Start of SOURCE DATA

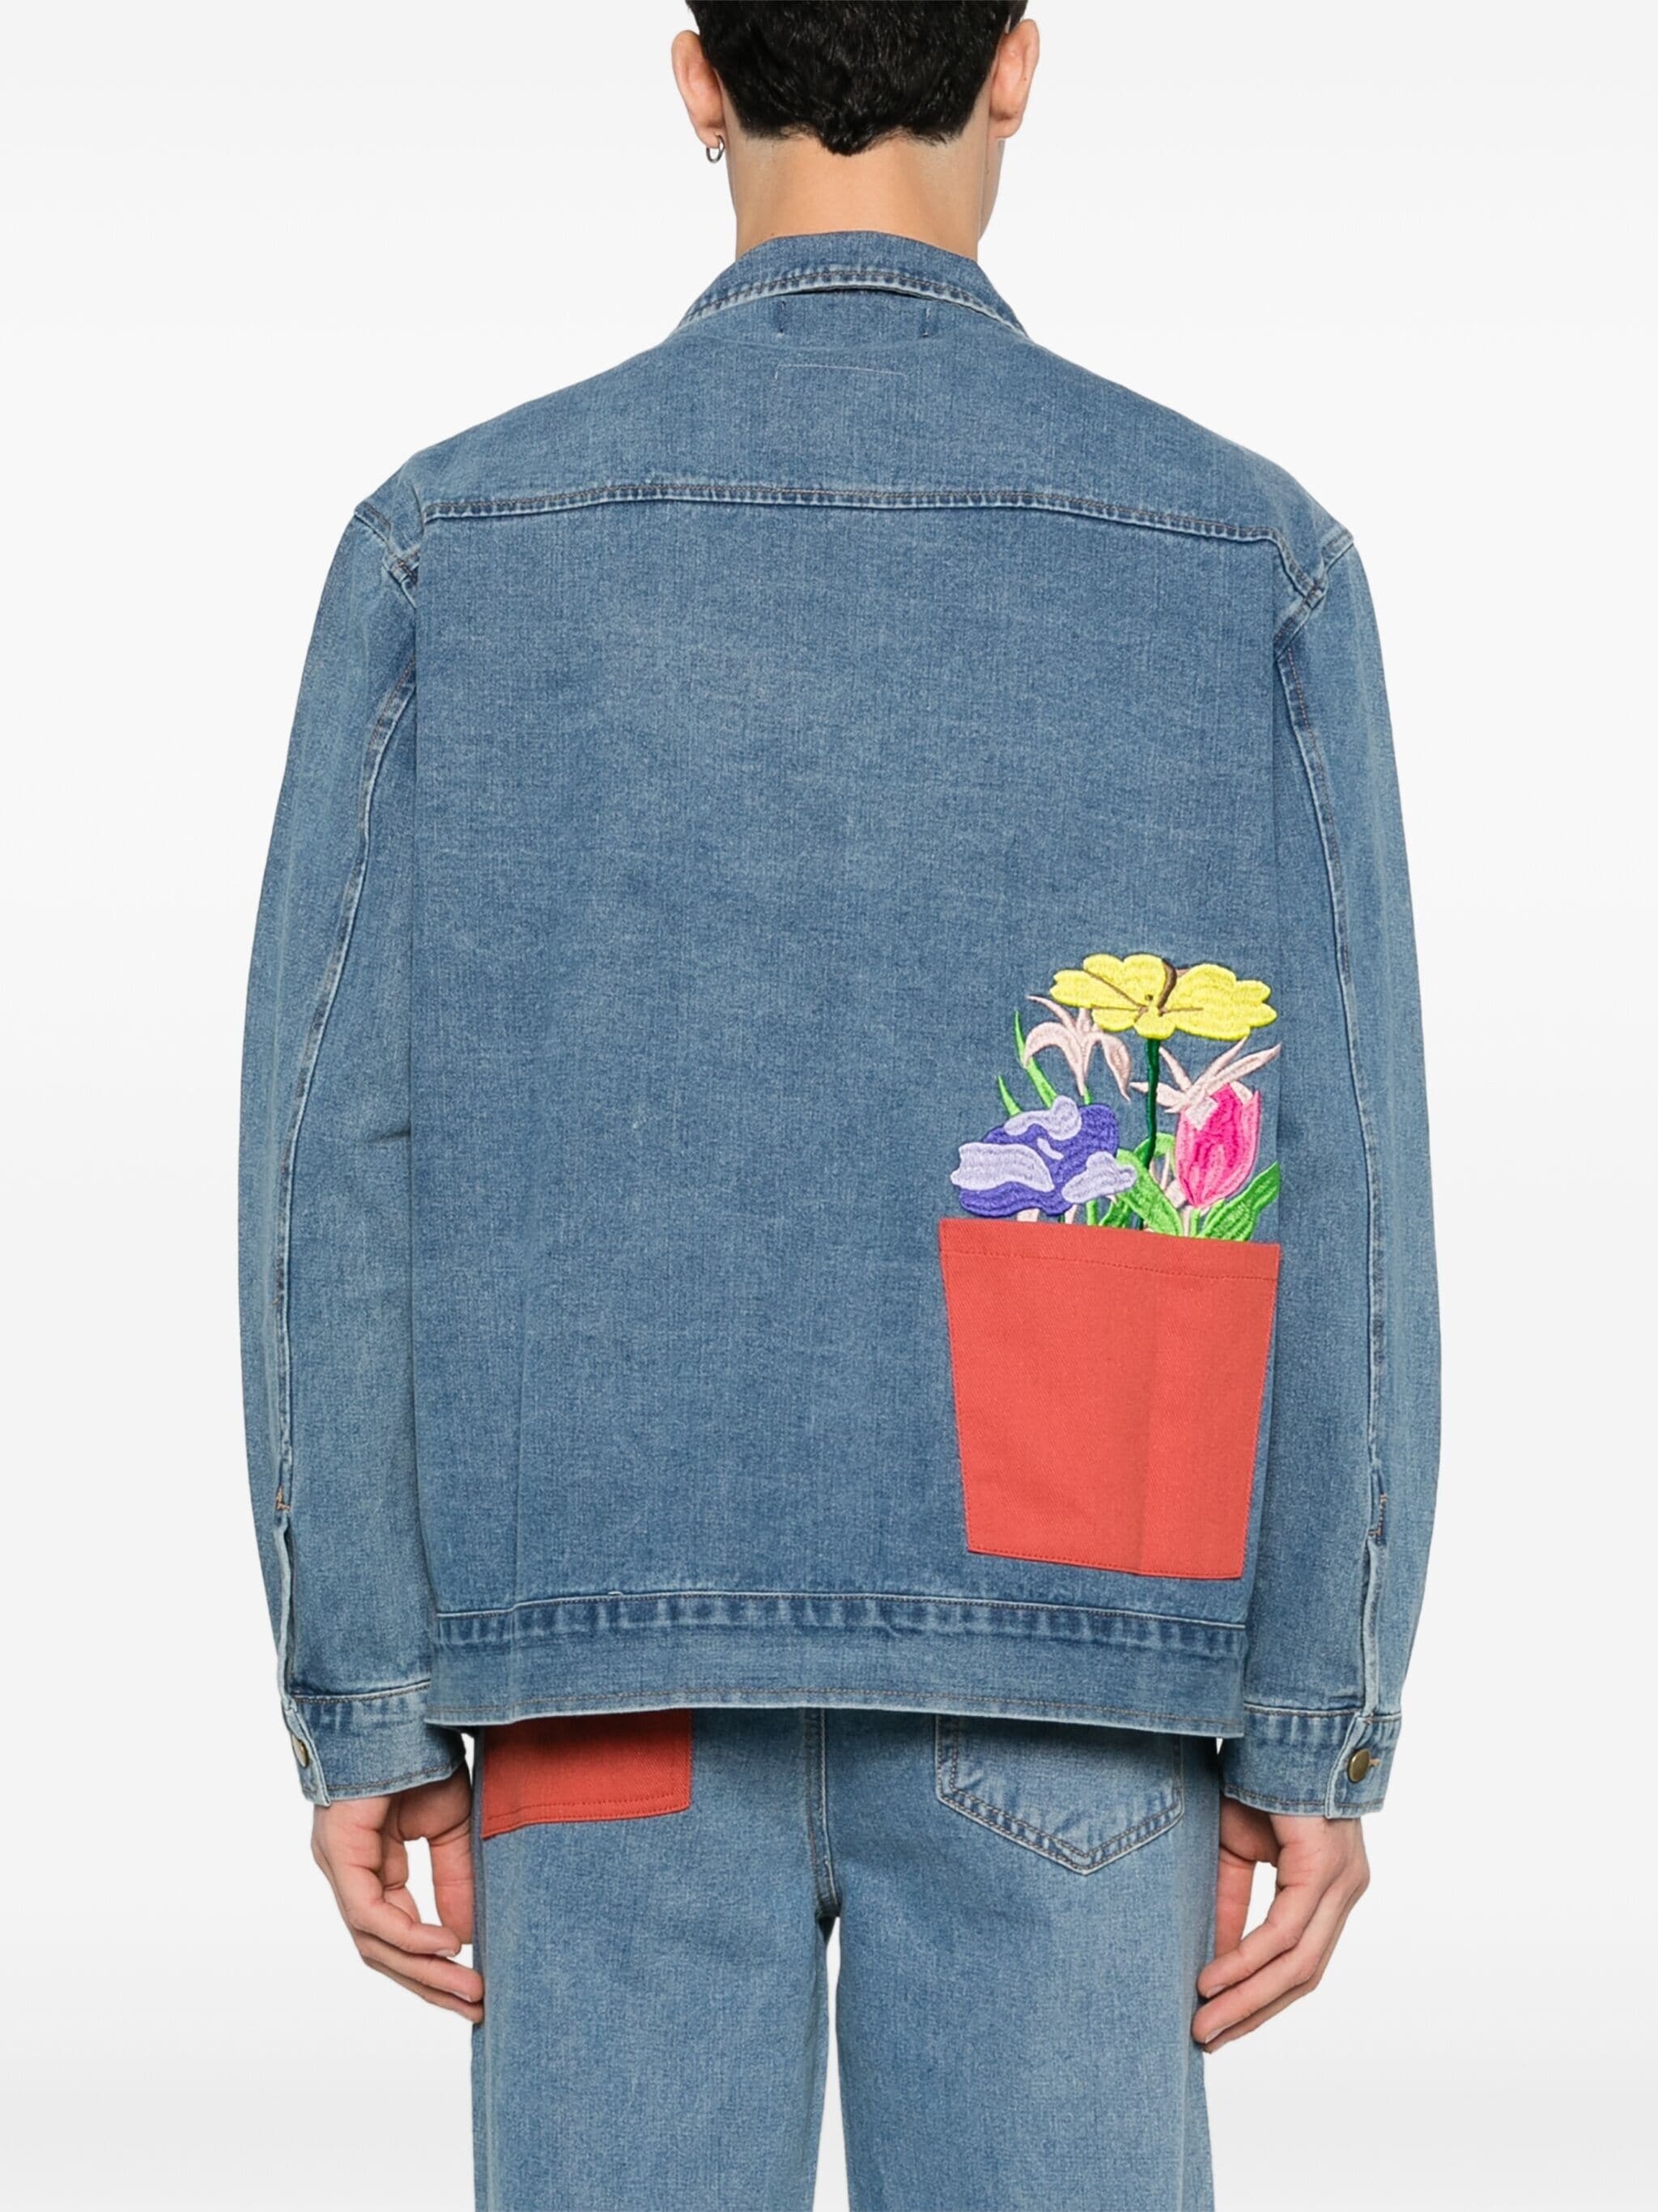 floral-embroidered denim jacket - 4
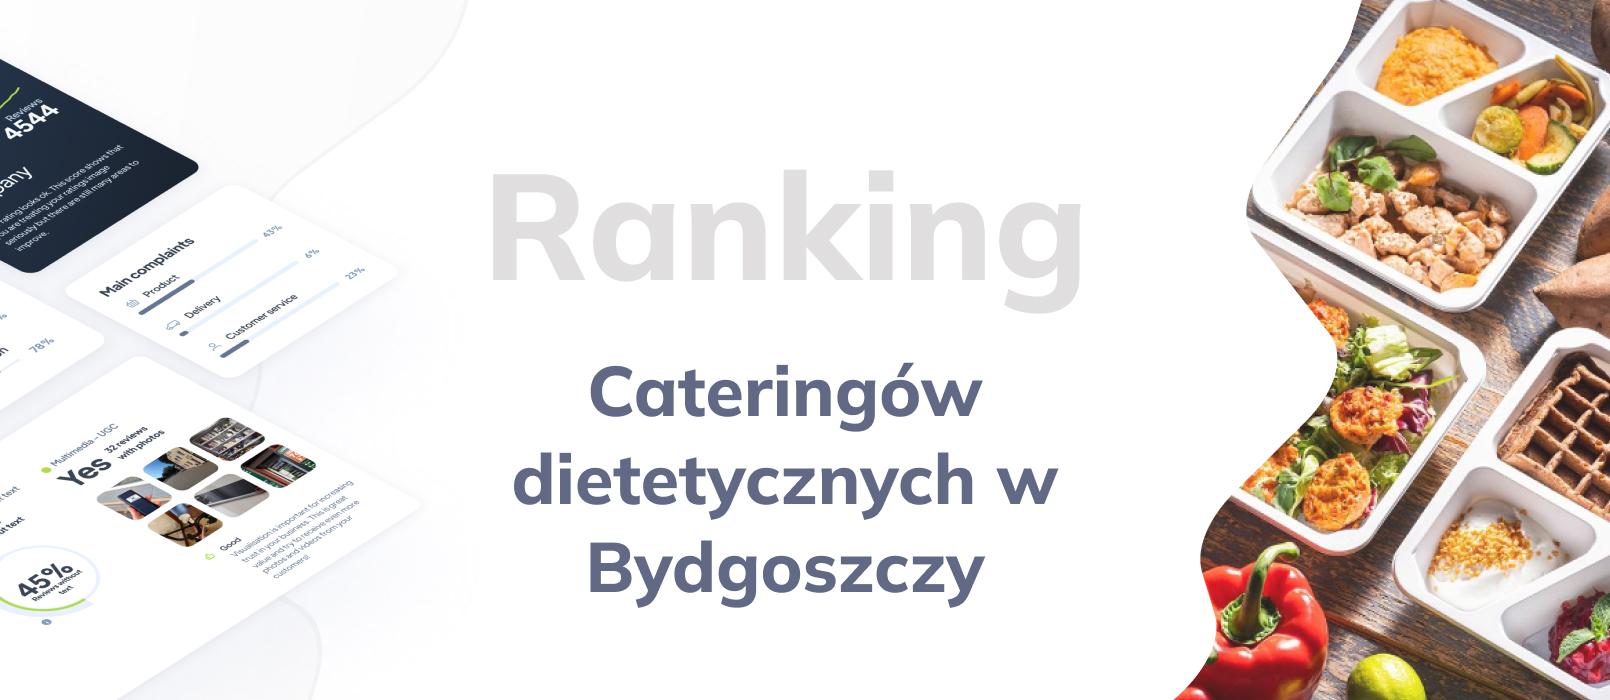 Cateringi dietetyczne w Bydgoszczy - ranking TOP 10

End of SOURCE DATA
Start of SOURCE DATA

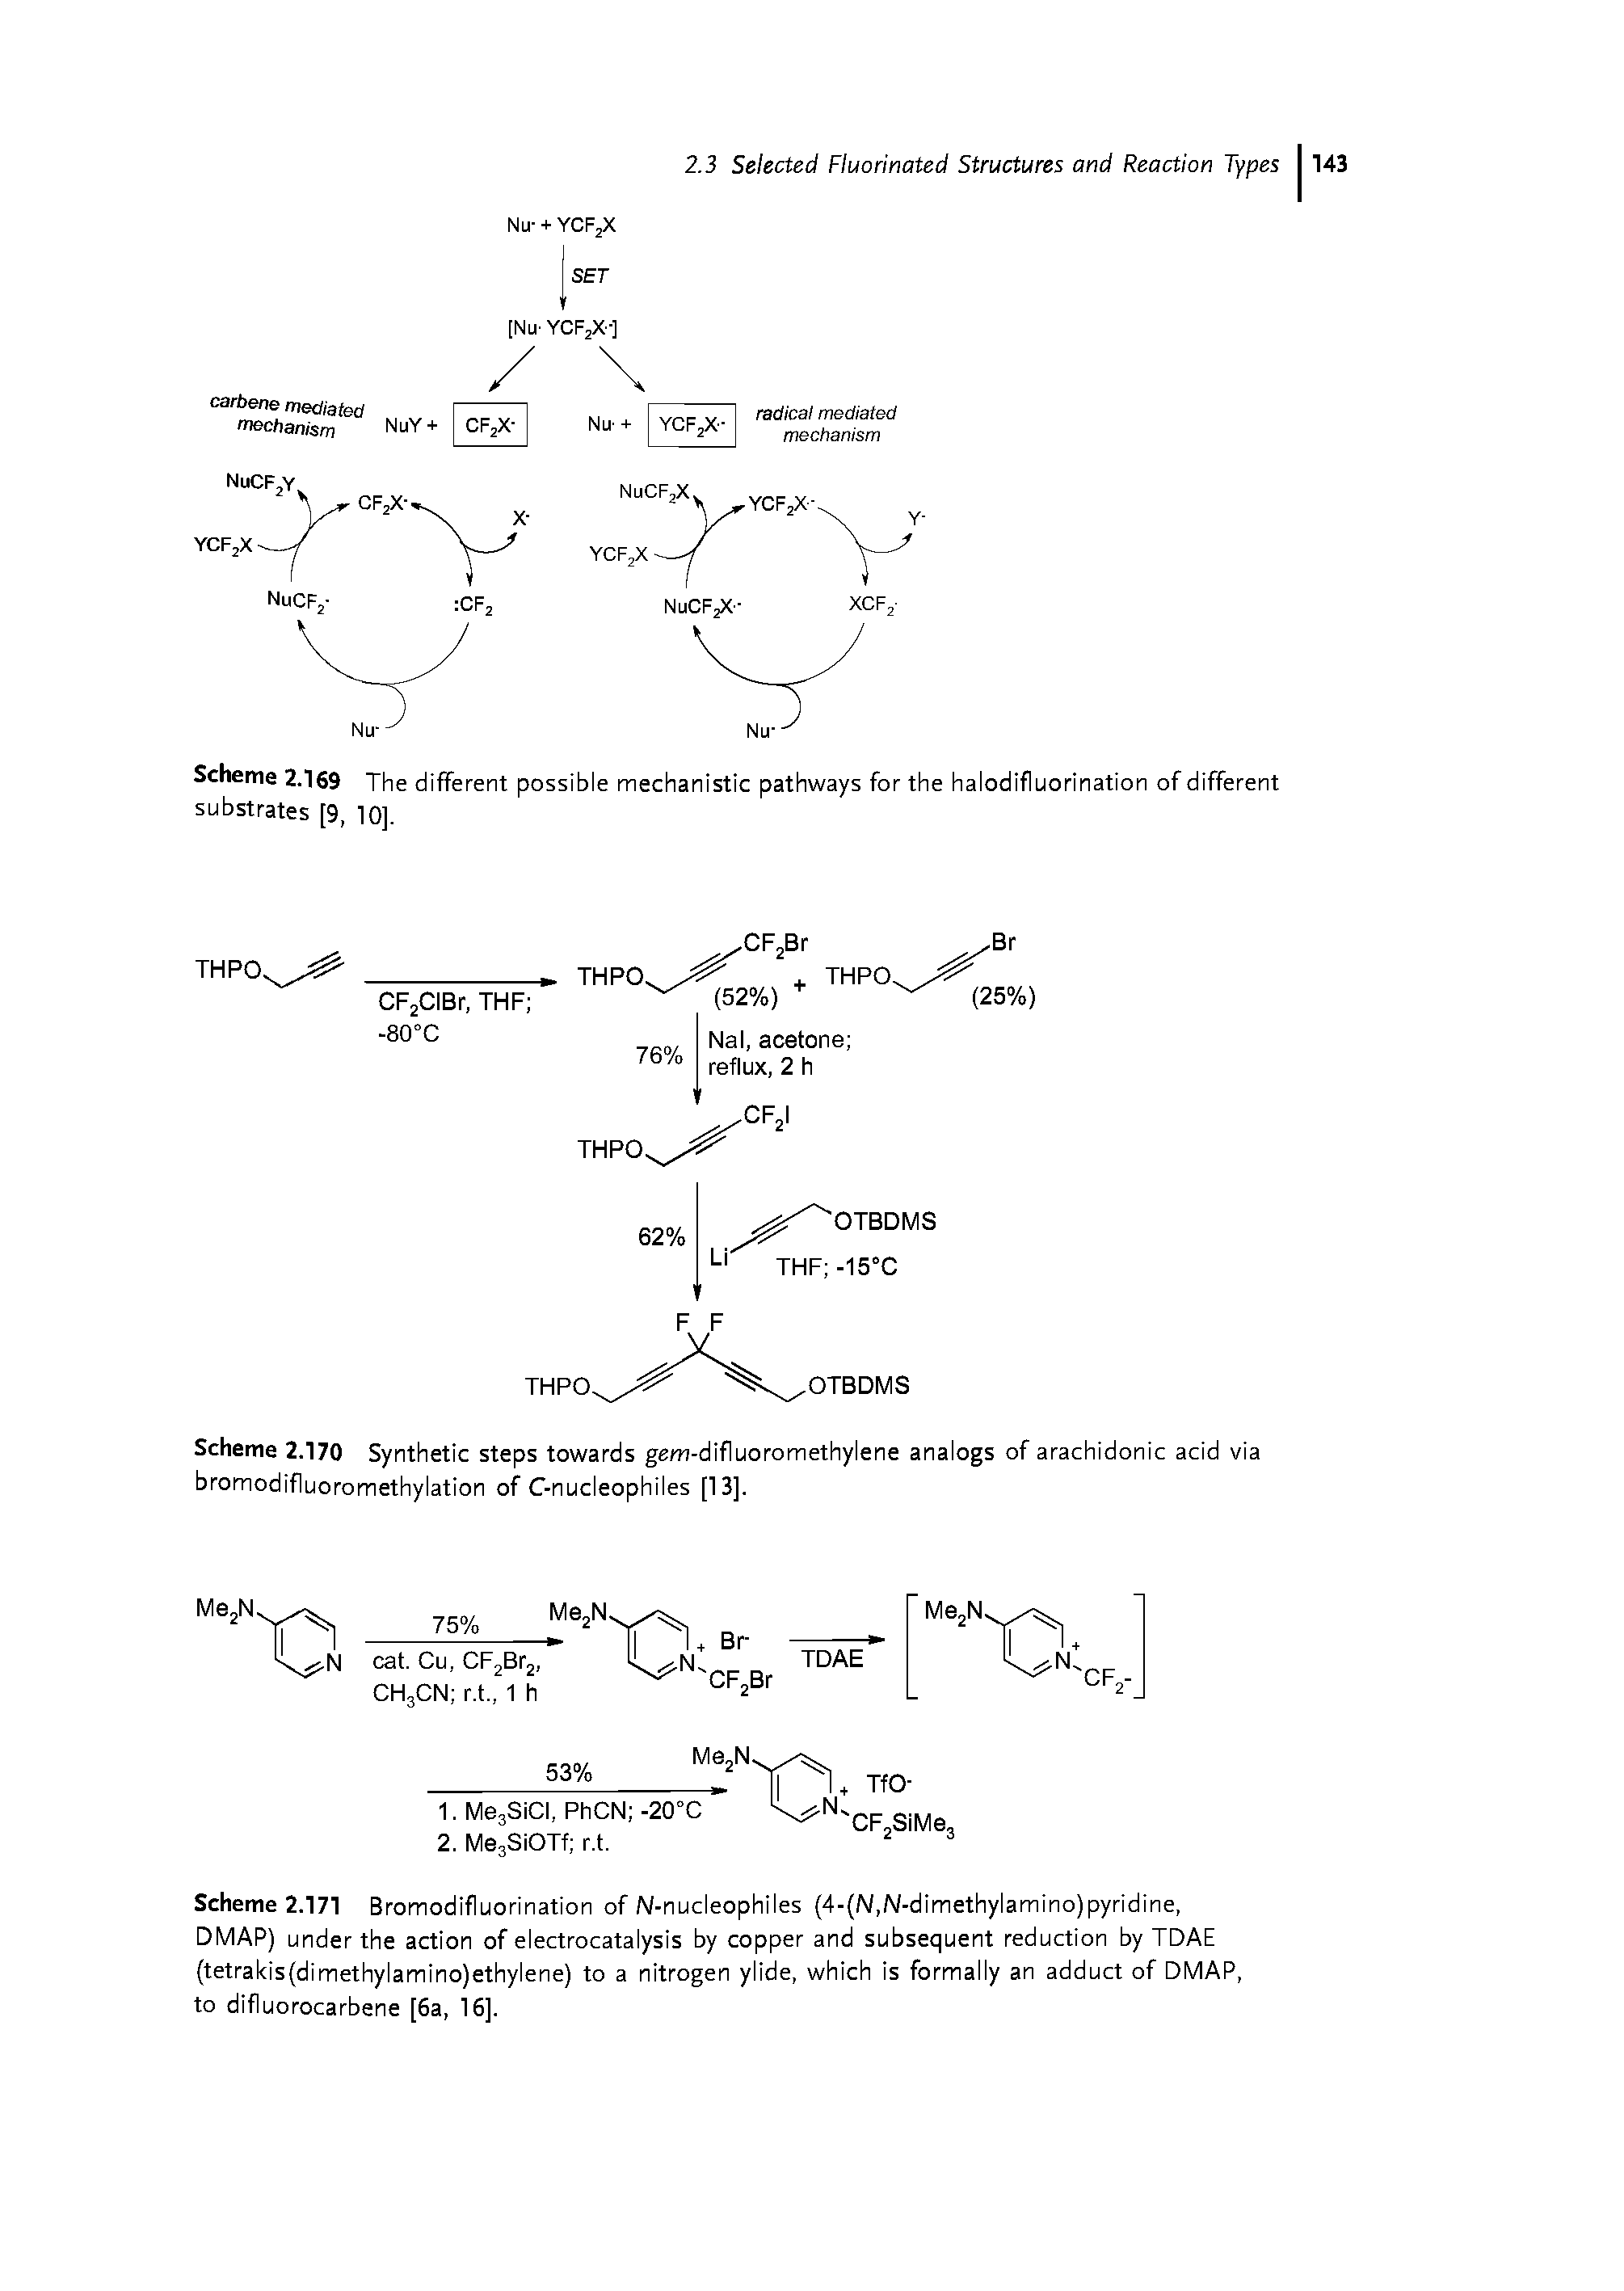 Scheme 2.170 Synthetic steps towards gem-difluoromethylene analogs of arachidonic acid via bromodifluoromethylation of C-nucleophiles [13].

End of SOURCE DATA

Having found the line with "floral-embroidered denim jacket - 4" and the line with "Cateringi dietetyczne w" in the material above, write out exactly those two and every line between, leaving the pictures out.

**ANSWER TO THE EXERCISE**
 floral-embroidered denim jacket - 4
 Cateringi dietetyczne w Bydgoszczy - ranking TOP 10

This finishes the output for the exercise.